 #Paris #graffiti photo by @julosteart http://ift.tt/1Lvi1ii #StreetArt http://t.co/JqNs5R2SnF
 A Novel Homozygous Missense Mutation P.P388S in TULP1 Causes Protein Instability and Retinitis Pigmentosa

...

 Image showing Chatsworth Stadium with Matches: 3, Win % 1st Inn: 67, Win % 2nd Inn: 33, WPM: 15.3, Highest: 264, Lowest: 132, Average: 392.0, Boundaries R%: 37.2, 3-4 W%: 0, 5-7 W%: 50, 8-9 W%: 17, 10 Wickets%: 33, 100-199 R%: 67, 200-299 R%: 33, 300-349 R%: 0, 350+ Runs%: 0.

---

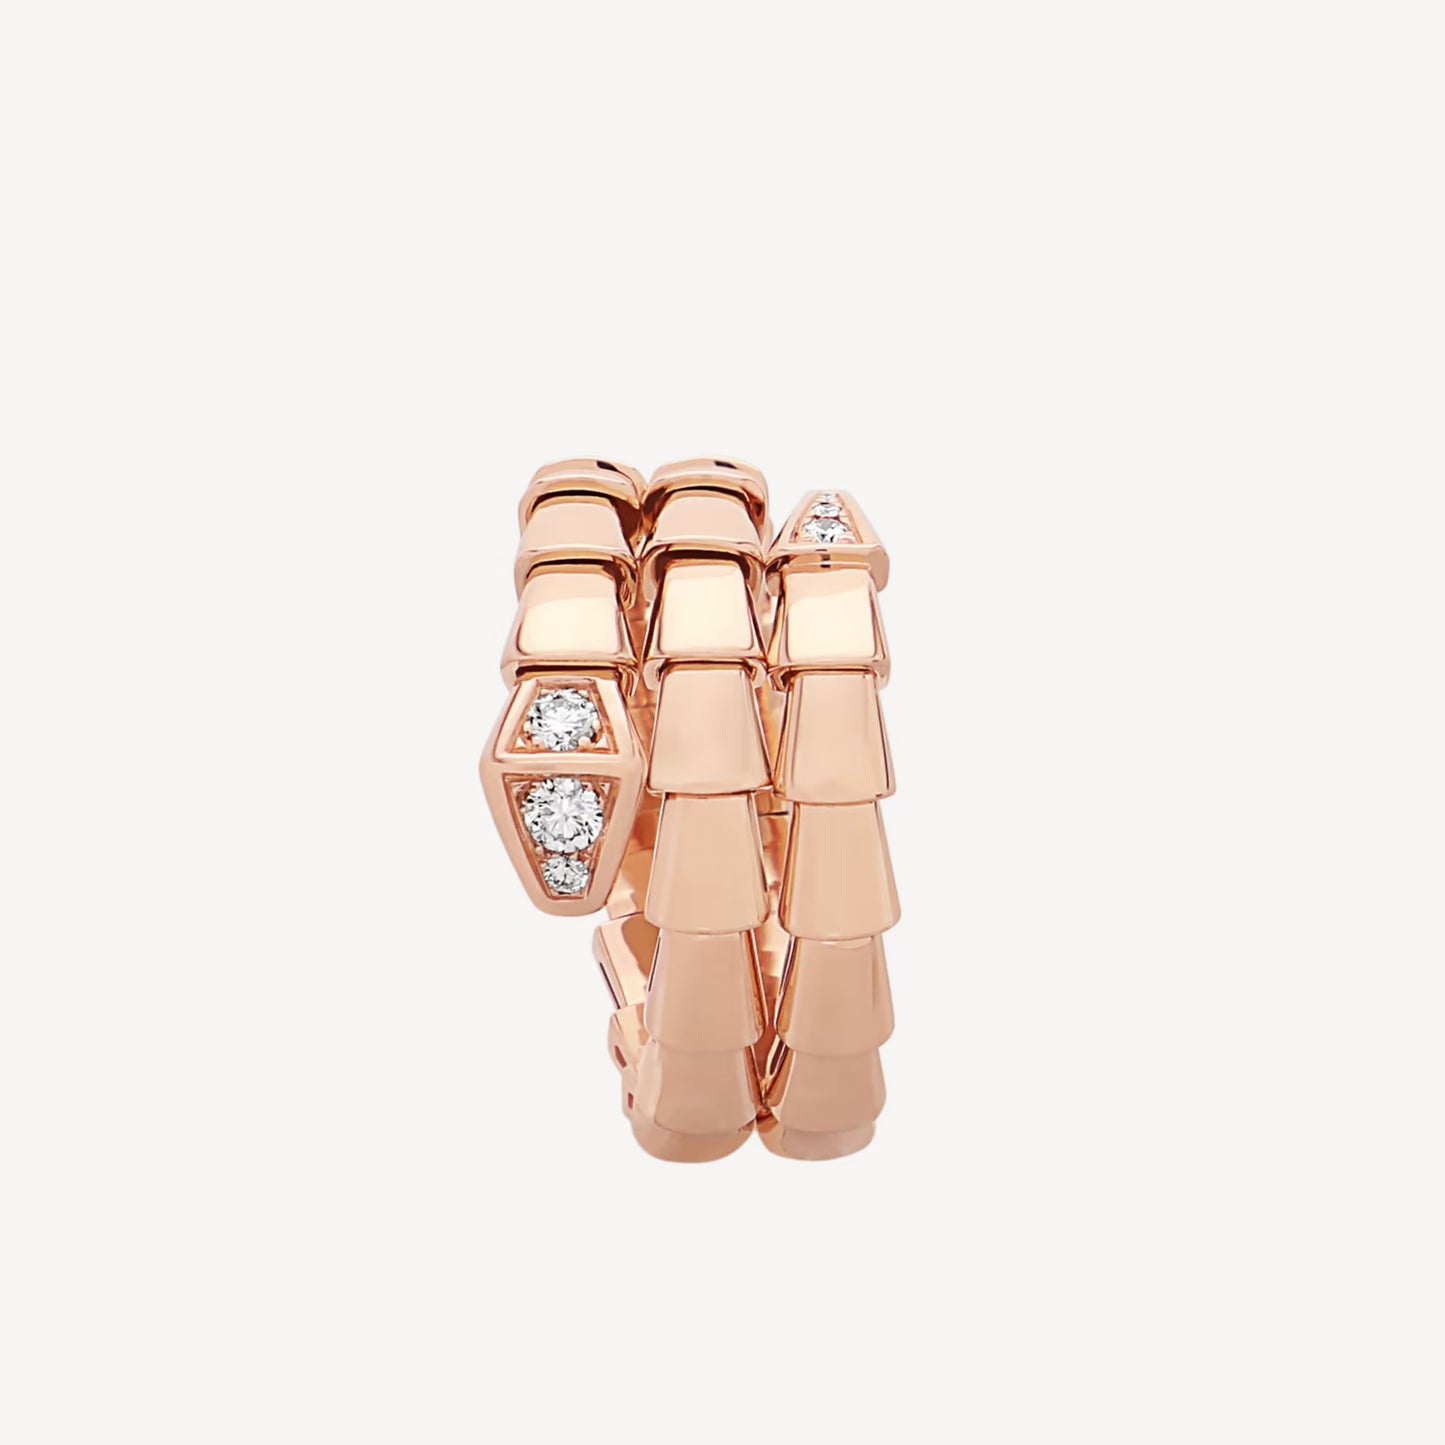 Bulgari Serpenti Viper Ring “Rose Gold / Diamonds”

What you need to do =>
Reproduce, exactly as they stand in the data above, the lines from the one that holds "#Paris #graffiti photo" to the one that holds "A Novel Homozygous", inclusive.

Task answer =>
 #Paris #graffiti photo by @julosteart http://ift.tt/1Lvi1ii #StreetArt http://t.co/JqNs5R2SnF
 A Novel Homozygous Missense Mutation P.P388S in TULP1 Causes Protein Instability and Retinitis Pigmentosa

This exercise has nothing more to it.